=== TASK TO CARRY OUT ===
In the copy, include exactly the lines from the one with "Liven Up Gaming" through the end of the data and no others, both ends kept, with every picture left out.

=== THE DATA ===
- Opening Delimiter -

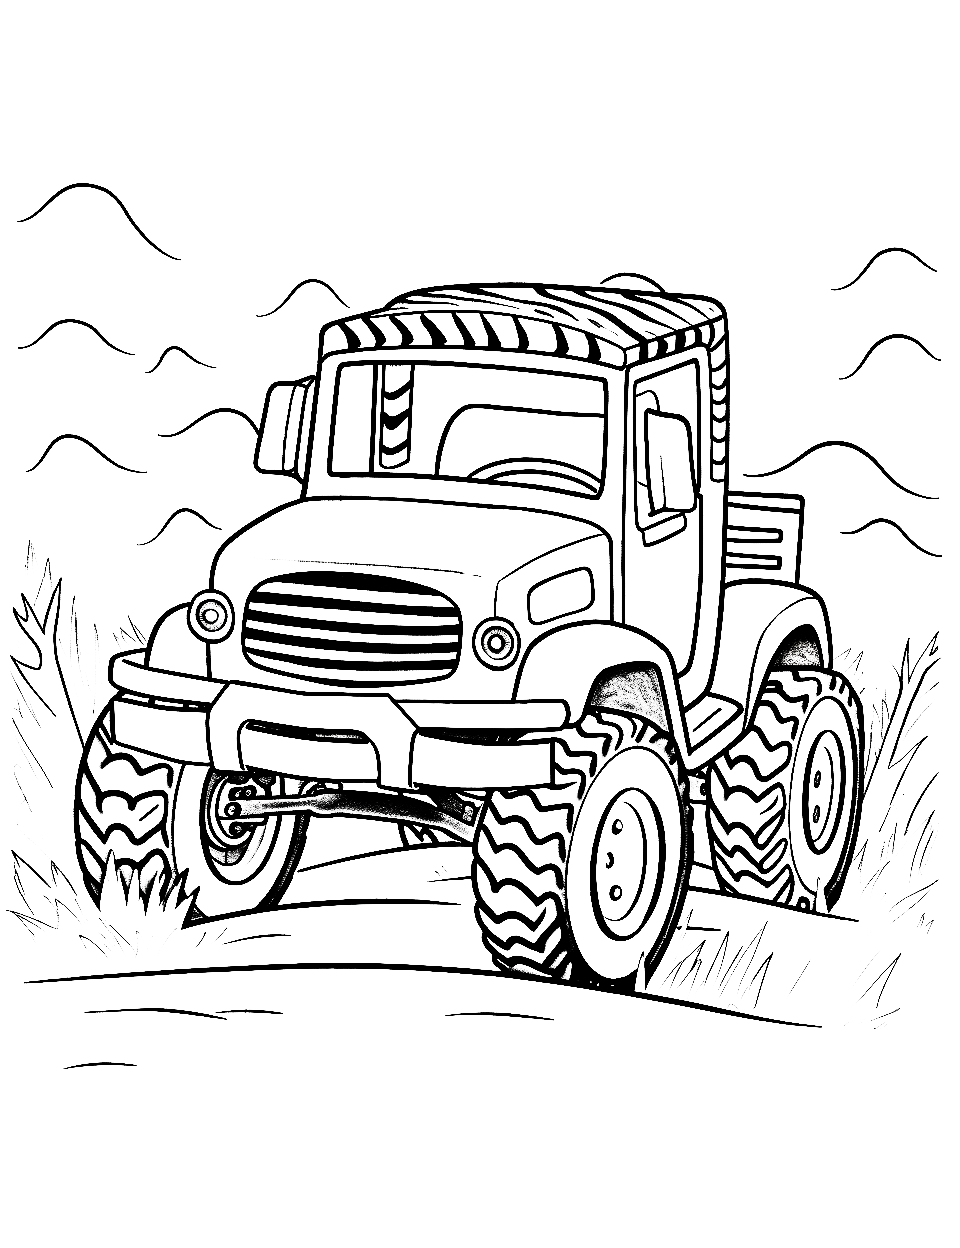 Zebra's Savanna Zoom Monster Truck Coloring Page - A zebra-striped monster truck racing in the wild.
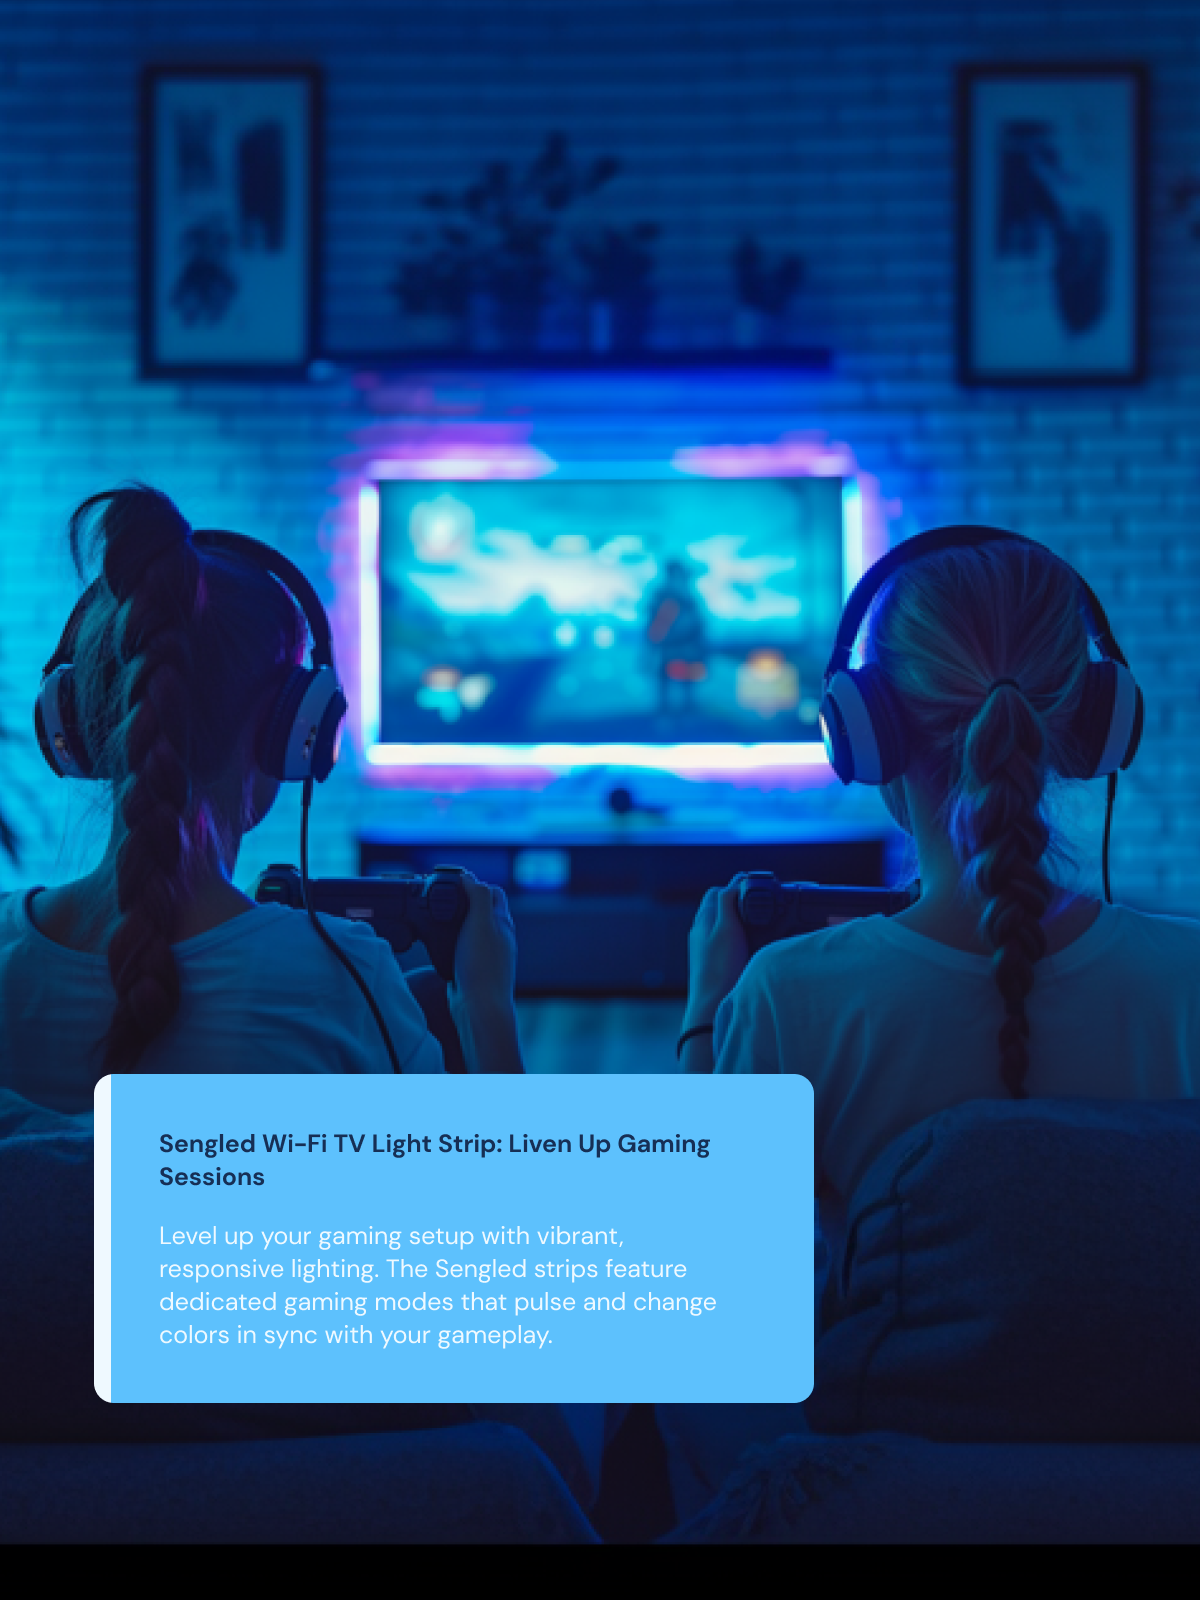 Liven Up Gaming Sessions Level up your gaming setup with vibrant, responsive lighting. The Sengled strips feature dedicated gaming modes that pulse and change colors in sync with your gameplay.
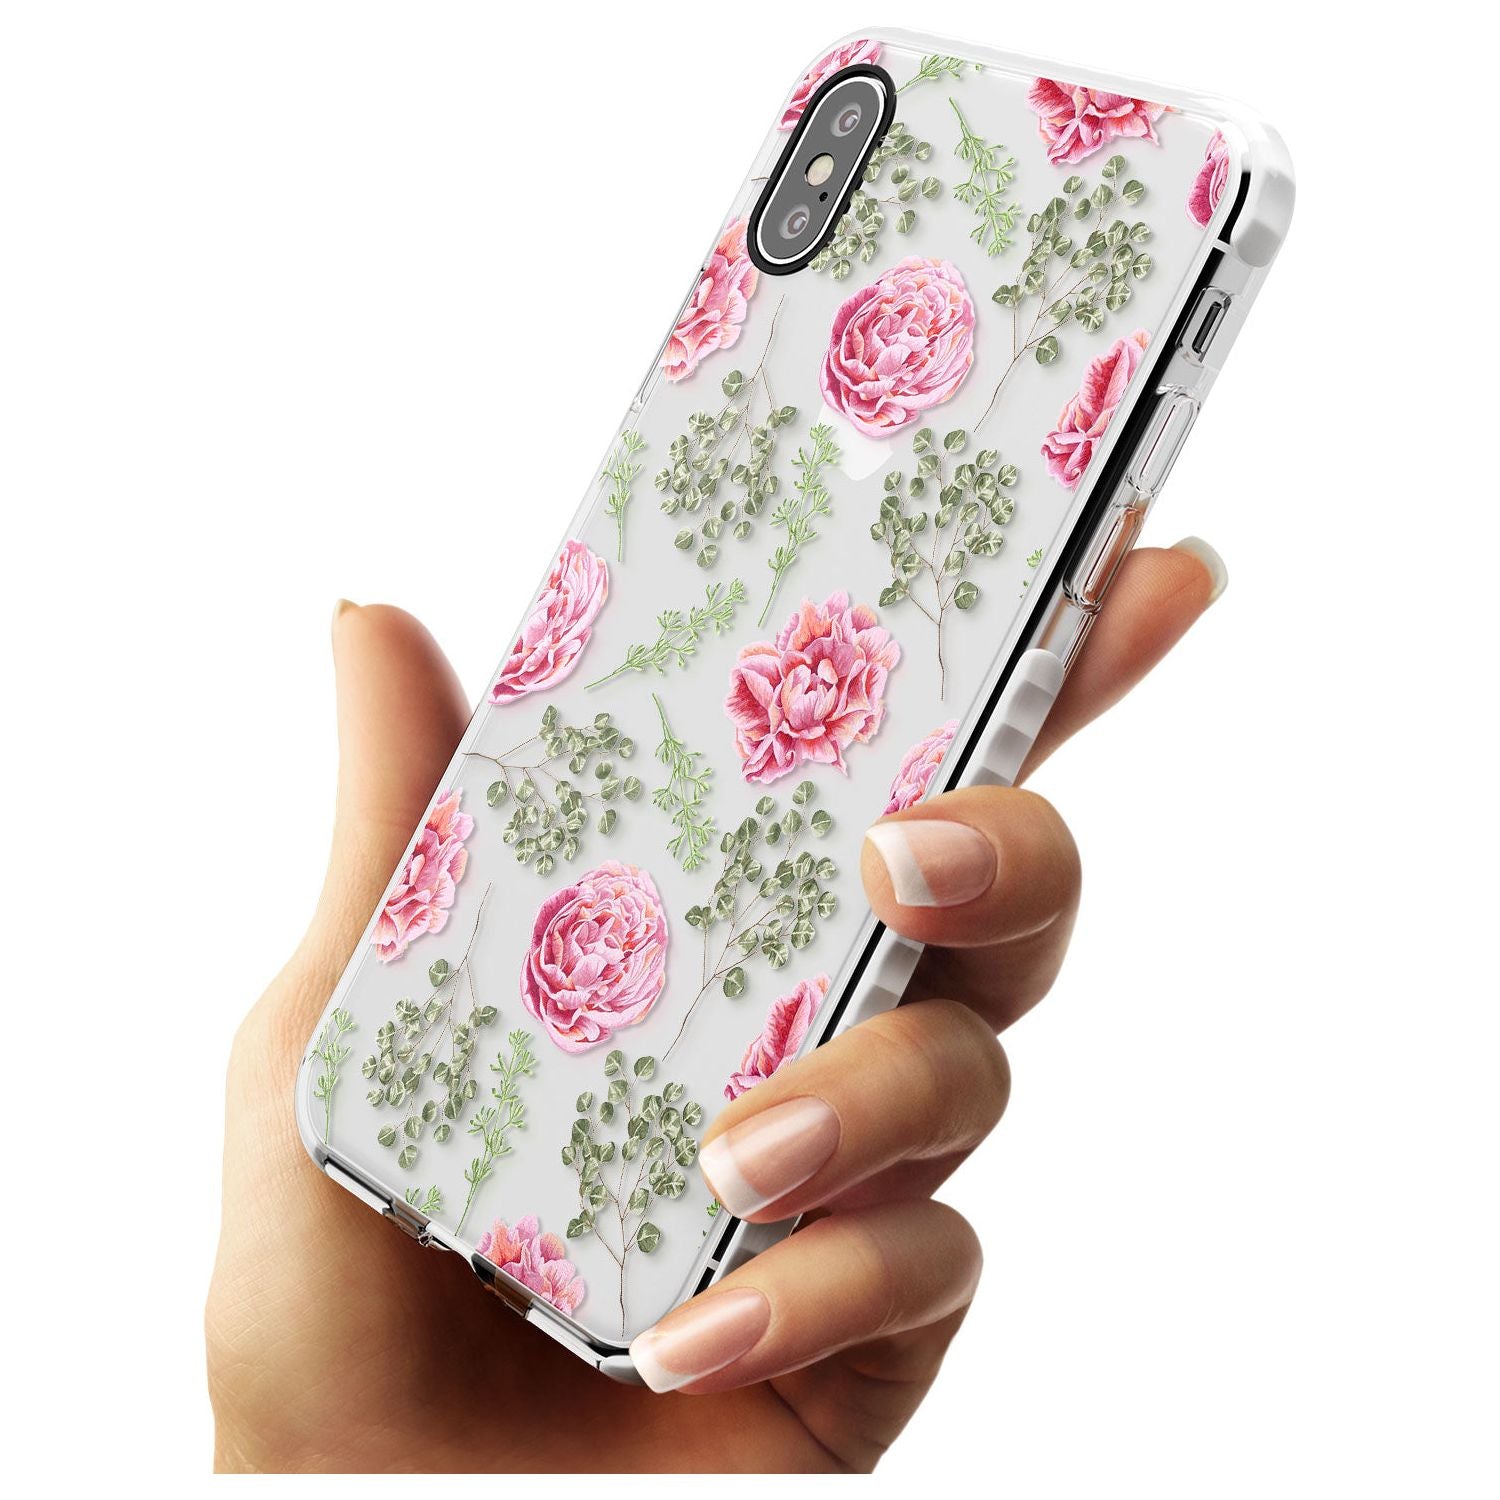 Roses & Eucalyptus Transparent Floral Impact Phone Case for iPhone X XS Max XR

- Closing Delimiter -

=== EXERCISE RESULT ===
 Liven Up Gaming Sessions Level up your gaming setup with vibrant, responsive lighting. The Sengled strips feature dedicated gaming modes that pulse and change colors in sync with your gameplay.
 Roses & Eucalyptus Transparent Floral Impact Phone Case for iPhone X XS Max XR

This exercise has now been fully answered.